Sevettijärvi (Northern Sami: Čeavetjävri and Skolt Sami: Čeˊvetjäuˊrr) is a village in the municipality of Inari, Finland approximately 120 kilometres (75 mi) north of downtown Inari. Näätämö, as it is known on the Finnish side of the Norwegian border, is approximately 35 kilometres (22 mi) away. The village’s green, yet stark terrain opens up as Näätämö approaches.
The village is built on what used to be the sea floor during the Ice Age. The rocky shores of the lakes between Sevettijärvi and Näätämö draw the attention of passers-by. These shores are referred to as the “devil’s fields” by locals.

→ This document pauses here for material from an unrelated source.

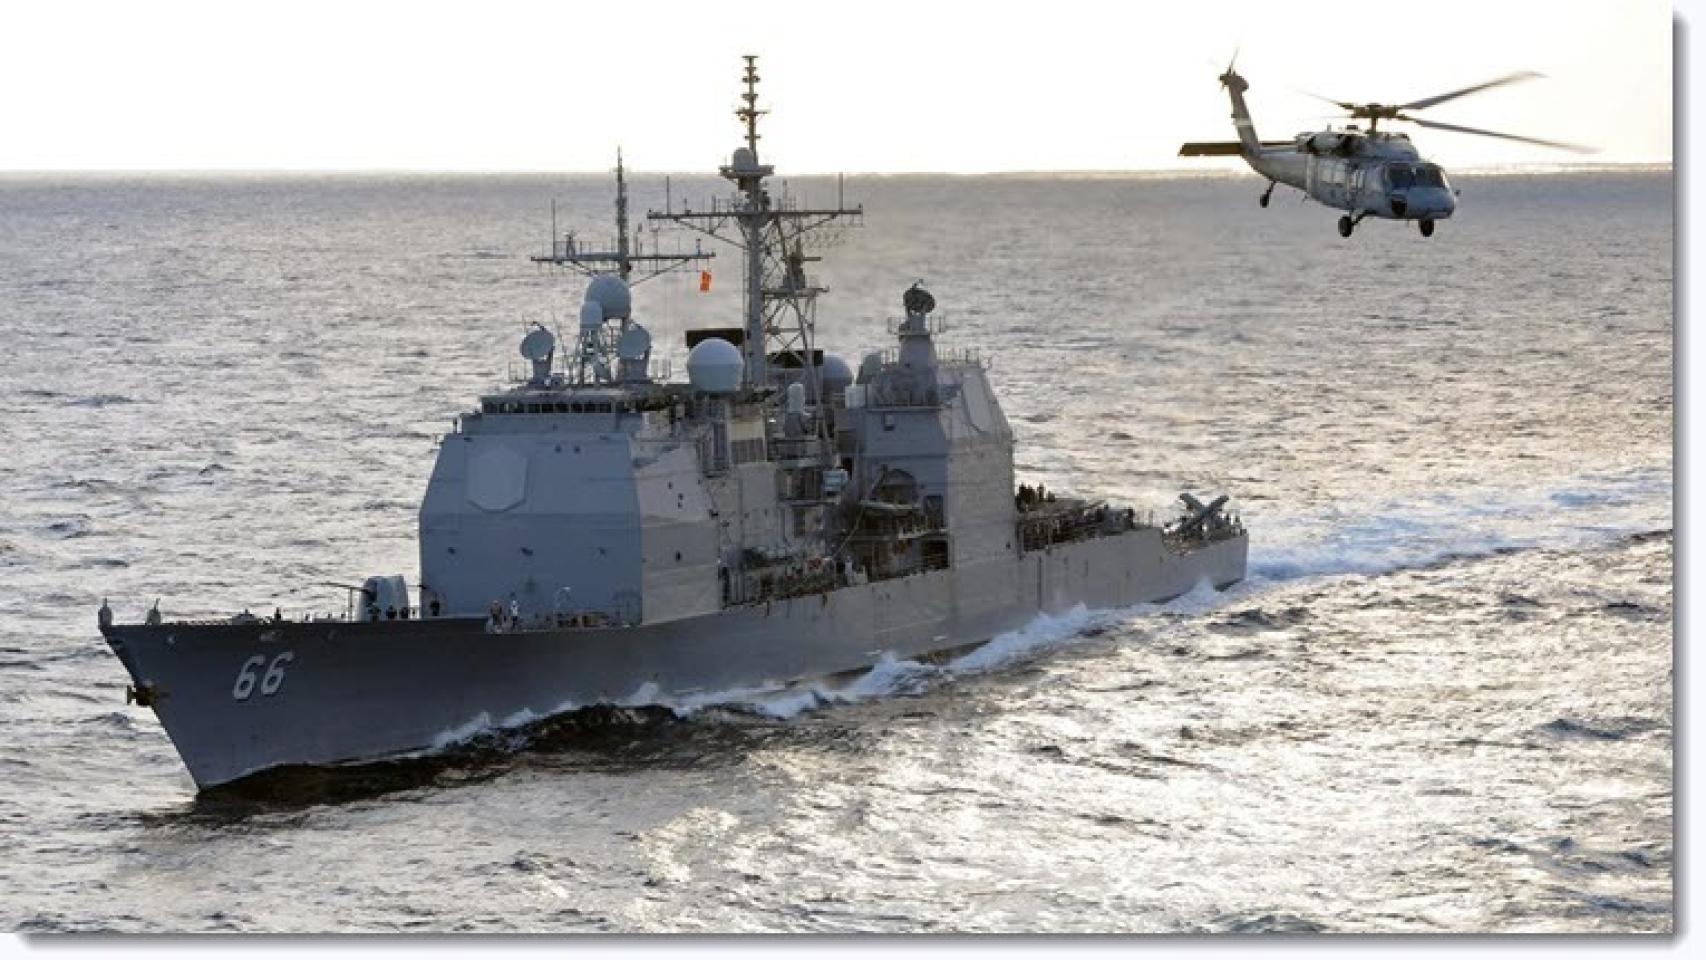 Escándalo sexual a bordo de un buque de guerra americano en plena lucha contra el ISIS imagen

Sevettijärvi and its surrounding areas are one of the main areas where the Skolts live. The majority of Sevettijärvi’s 350 residents, approximately 90%, are Skolt, although there are a few Finns who have moved north living in the village. A few Inari Sámi and Mountain Sámi and some foreigners (French, Dutch) also live in the area.
Sevettijärvi was founded when a total of 51 Skolt families were evacuated there from Petsamo after the wars in 1949. Before that, a few Sámi families had been living in the area, e.g., the Aikios, Kittis, Sarris, Holmbergs, Högmans and Kaarrettis.

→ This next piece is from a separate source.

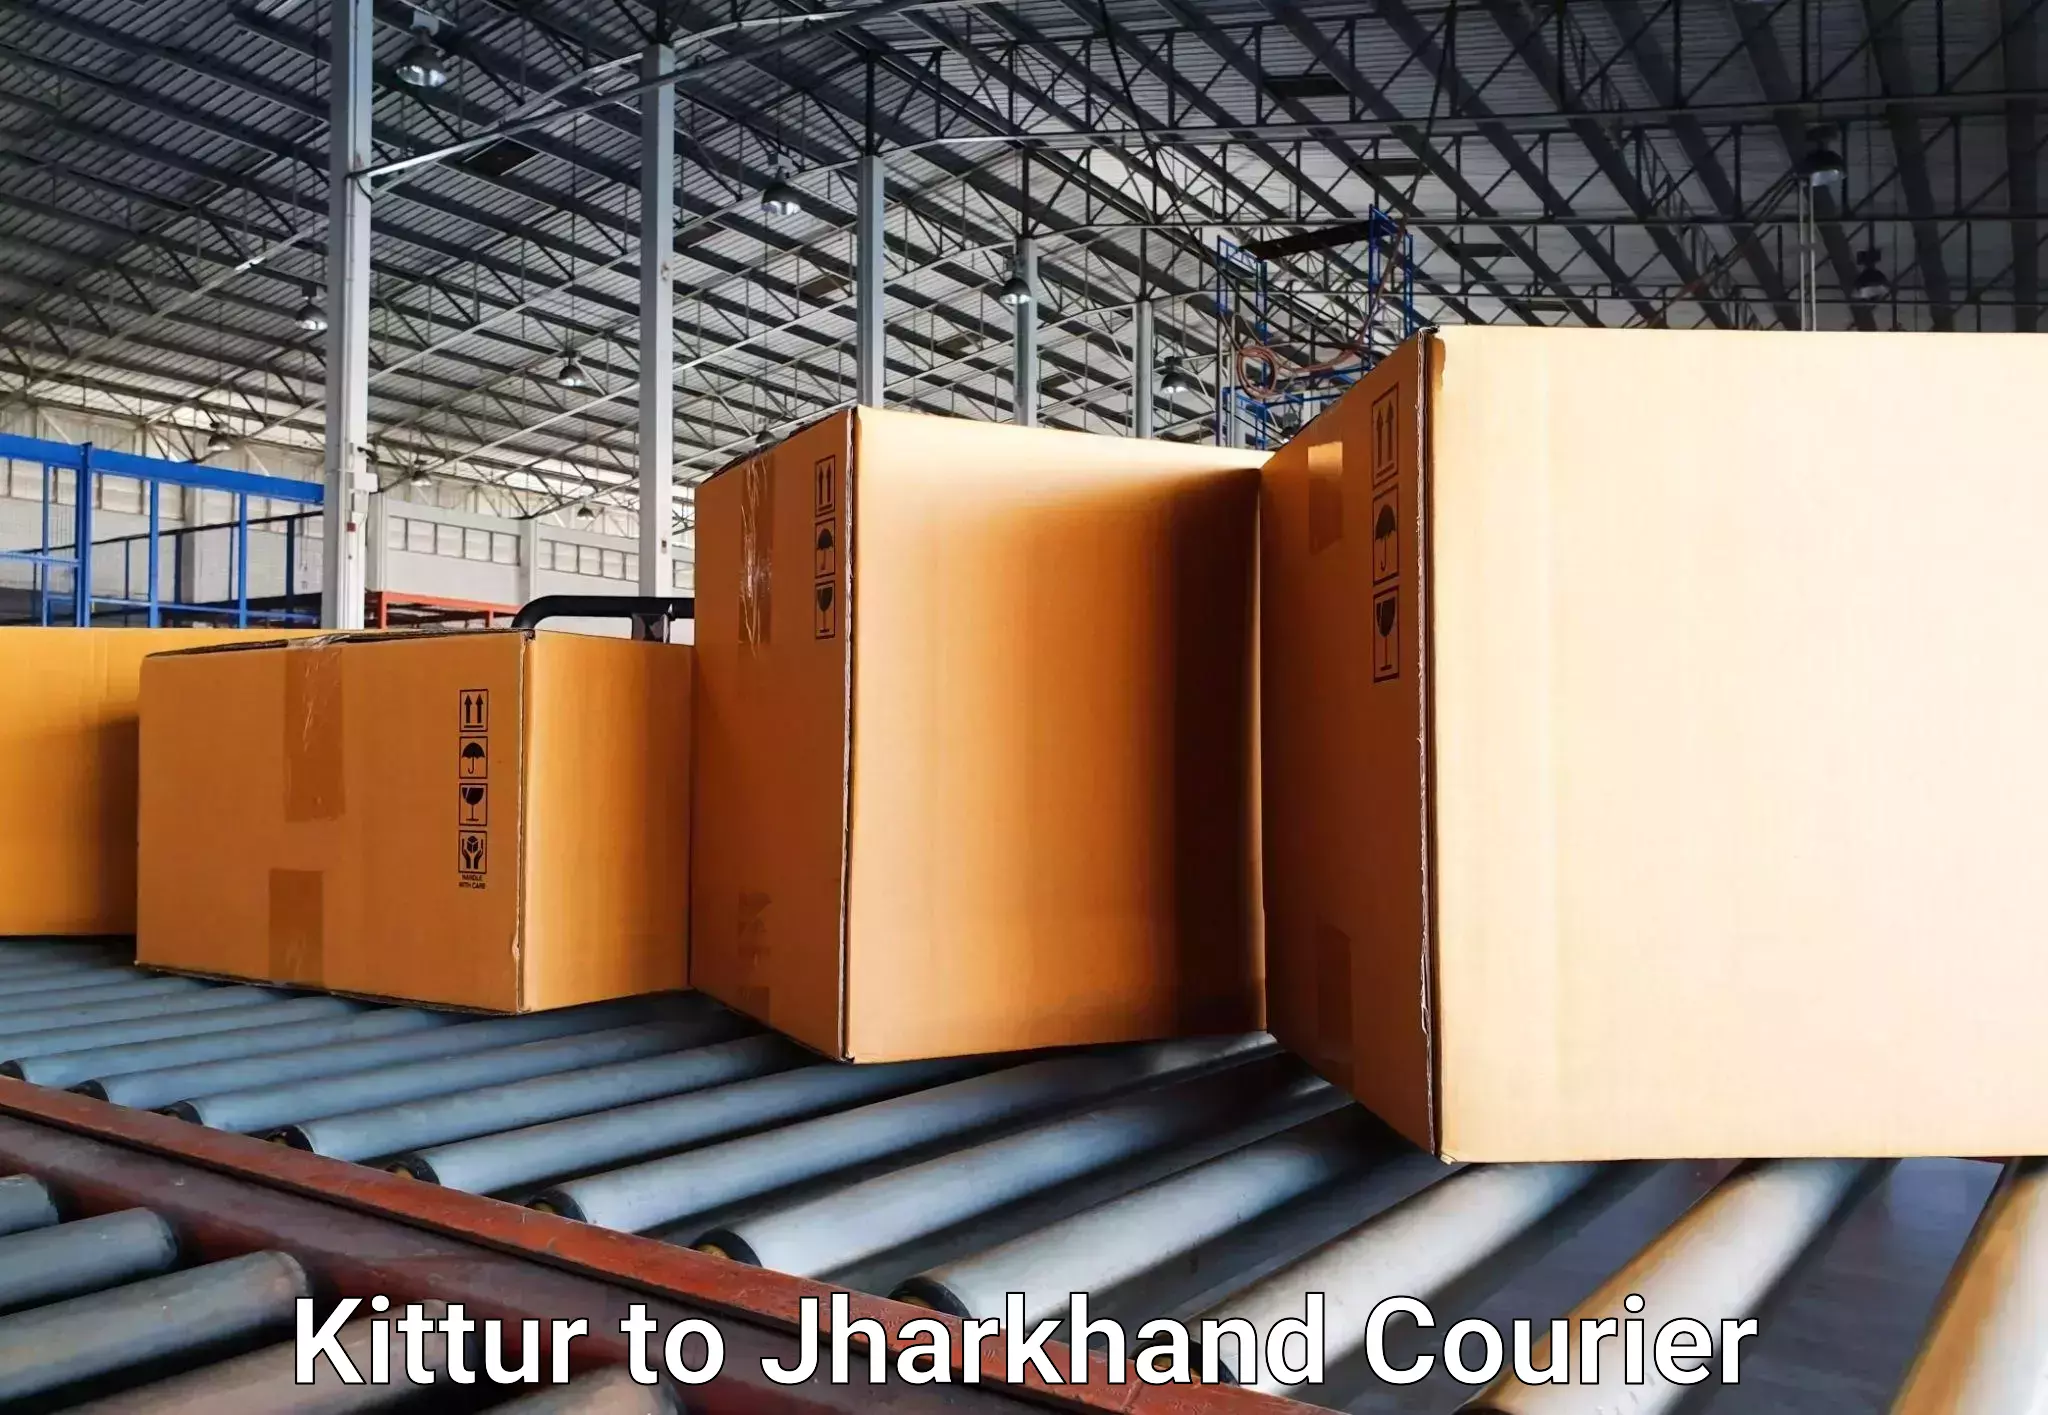 Door-to-door baggage service in Kittur to Adityapur

At the same time, a school, a health centre and a chapel were built. A merchant from Inari built a shop in the center of the village.
The first road passable by car to Sevettijärvi was built at the end of the 1960s. Prior to that, people used Bombardier snowmobiles, reindeer and skis to get around in winter and walked, biked or went by boat in the summertime.
The village has an old Skolt cottage, which was moved to Sevettijärvi from Kirakkajärvi and currently serves as a museum dedicated to the traditions of the Skolts. In addition, it has an Orthodox church that previously served as the parish's chapel.
The fjeld Jänispää rises out of the ground approximately 10 kilometres (6 mi) north of Sevettijärvi. A suspension bridge hangs over the Näätämö River at Lake Opukas, an approximately 15 kilometres (9 mi) hike from Sevettijärvi.